Activism related to climate change began in the 1990s, when major environmental organizations became involved in the discussions about climate, mainly in the UNFCCC framework. In the 2000s several climate-specific organizations were founded, such as 350.org, Energy Action Coalition, and the Global Call for Climate Action.

Mobilization for Copenhagen 2009

The 2009 United Nations Climate Change Conference in Copenhagen was the first UNFCCC summit in which the climate movement started showing its mobilization power at a large scale. Between 40,000 and 100,000 people attended a march in Copenhagen on December 12 calling for a global agreement on climate. And activism went beyond Copenhagen, with more than 5,400 rallies and demonstrations took place around the world simultaneously.

Activities

2014 People’s Climate March

People's Climate March 2014
The People's Climate March 2014, brought together hundreds of thousands of people for strong action on climate change.

The climate movement convened its largest single event on 21 September 2014, when it mobilized 400,000 activists in New York during the People’s Climate March (plus several thousands more in other cities), organized by the People's Climate Movement, to demand a climate action from the global leaders gathered for the 2014 UN Climate Summit.

Fossil Fuel Divestment

The Fossil Fuel Divestment movement calls for colleges and universities, as well as cities, states, religious institutions, and pension funds to withdraw their investments from fossil fuel companies. 350.org launched their Go Fossil Free campaign in 2012 with Bill McKibben's "Do The Math" speaking tour around the country. 350.org explains that the reasoning behind this campaign is simple: "If it is wrong to wreck the climate, then it is wrong to profit from that wreckage." The Fossil Fuel Divestment movement escalated tactics in the spring of 2015, with 19 students arrested at Yale University, a week-long blockade of Harvard University's administrative buildings, a 70-student sit-in at Tulane University, and other arrestable actions.

Climate Mobilization

Since 2014, growing portions of the climate movement, especially in the United States have been organizing for an international economic response to climate change on the scale of the mobilization of the American home front during World War II, with the goal of rapidly slashing carbon emissions and transitioning to 100% clean energy faster than the free market is likely to allow. Throughout 2015 and 2016, The Climate Mobilization led grassroots campaigns in the U.S. for this scale of ambition, and in July 2016, activists succeeded in getting text adopted into the Democratic Party's national platform calling for WWII-scale climate mobilization. In August 2015, environmentalist Bill McKibben published an article in the New Republic rallying Americans to "declare war on climate change."

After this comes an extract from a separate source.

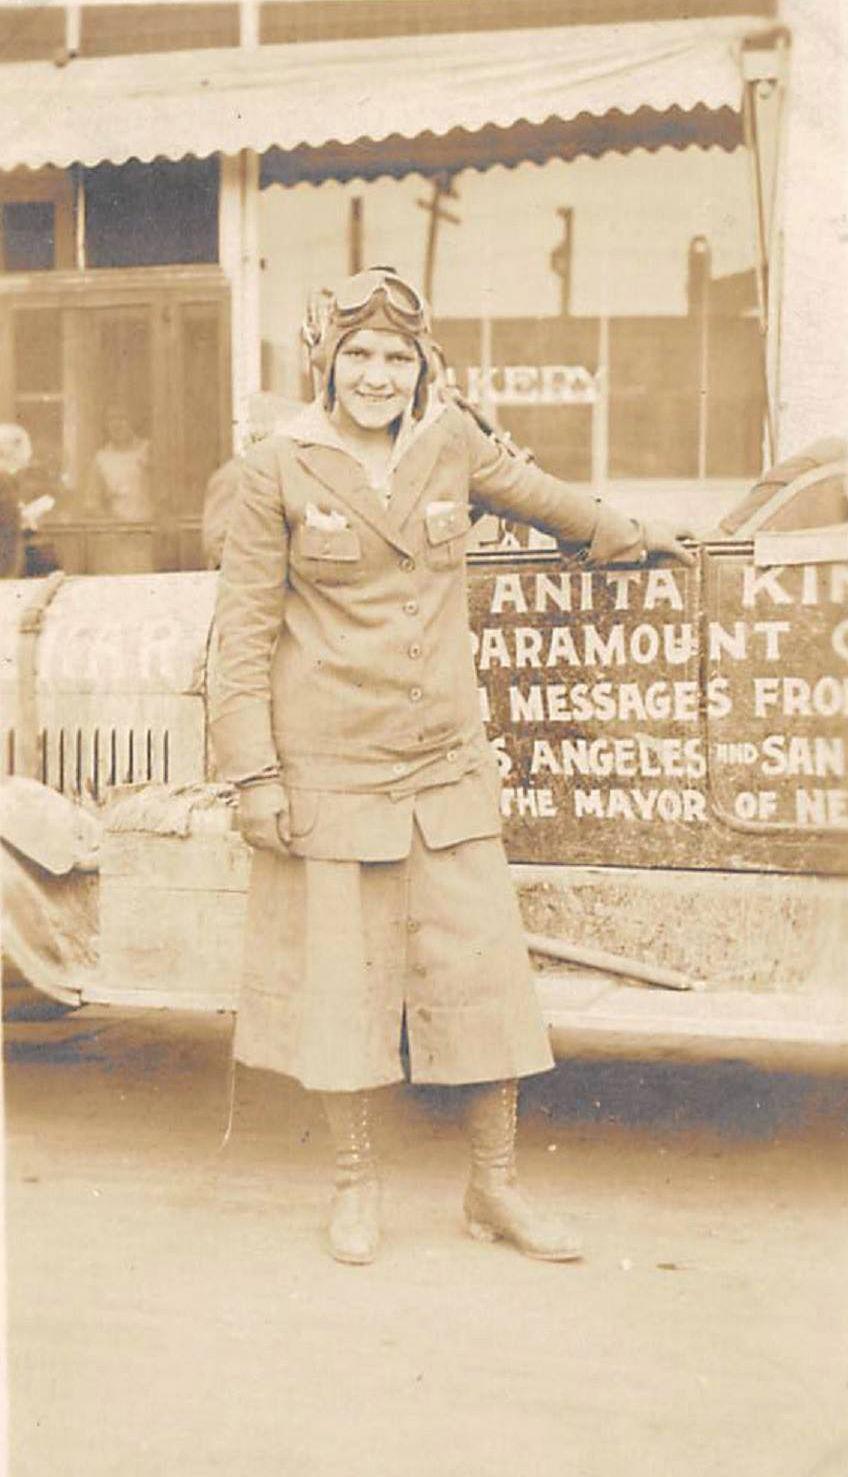 Anita King colm pic1

School strikes for climate

Since August 2018, inspired by Greta Thunberg, children and students in at least 270 cities took part in school strikes for climate.

Roles of other movements

The climate movement is closely connected to other parts of the environmental movement, in particular groups aiming for a sustainable society and sustainable energy. Also the faith community has been active in the climate movement, both at an interfaith level (such as in Our Voices) and at the specific level of each denomination (such as the Global Catholic Climate Movement).

What can work in climate campaigns

Three approaches may be useful in climatic campaigns:

  • the provision of information,
  • framing of information about aspects of global climate change, and
  • challenging the terms of political debates.

All three of these approaches can be easily implemented in climate campaigns aimed at the general public. The information about the impacts of global climate change plays a role in forming climatic beliefs, attitude and behavior, while the effects of other approaches (e.g. provision of information about solutions to GCC, consensus framing, use of mechanistic information) is yet mostly unknown. The third approach is to create space for discussions that move beyond questions of economic interests that often dominate political debates to emphasize ecological values and grass-roots democracy. This has been argued to be crucial to bringing about more significant structural change.